Lame 3.99.5 Intel Lib Compile

Reply #2
I don't use MP3 but I performed a quick test. 8 Radiohead albums went from ~177x ~2.10 mins to ~300x ~1.30 mins. Nice build thanks.

WareWares used Intel 12.1 for LAME 3.99.5 and 14.0.1 for LAME 3.100a2, what did you use?


I used Intel 13.1.3

I also compiled the latest Lame 3.100a2 snapshot

Download

Lame 3.99.5 Intel Lib Compile

Reply #3
Although the Intel compiler is extremely good, thats still a very impressive speed up. 

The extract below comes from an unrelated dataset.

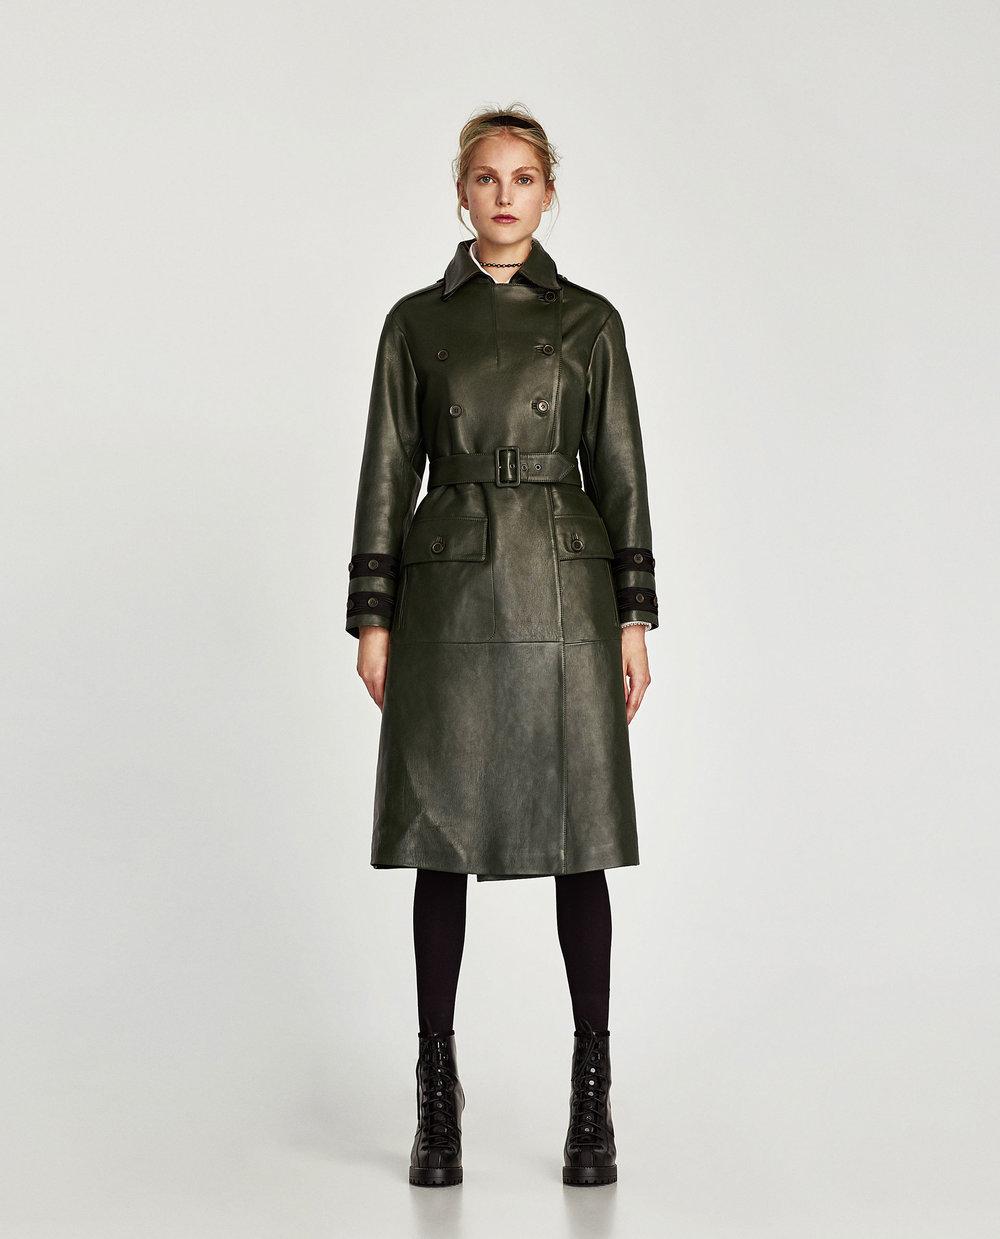 LEATHER TRENCH COAT. Zara. $479.

Have you looked at the vecreport?  I wonder if it could be further improved on systems with SSE4 or AVX(2).

Lame 3.99.5 Intel Lib Compile

Reply #4
Hello everybody,

i have also done tests like these but compiled the lame 3.99.5 source with MinGW/GCC - please also
see my [a href='index.php?act=findpost&pid=859779'] post[/a] for some tests with different systems during my oggenc trials.

The compiler options used are carefully modifed for generic platforms with SSE2.
I could not reach notable improvements by adding newer instruction sets like SSE4x or AVX.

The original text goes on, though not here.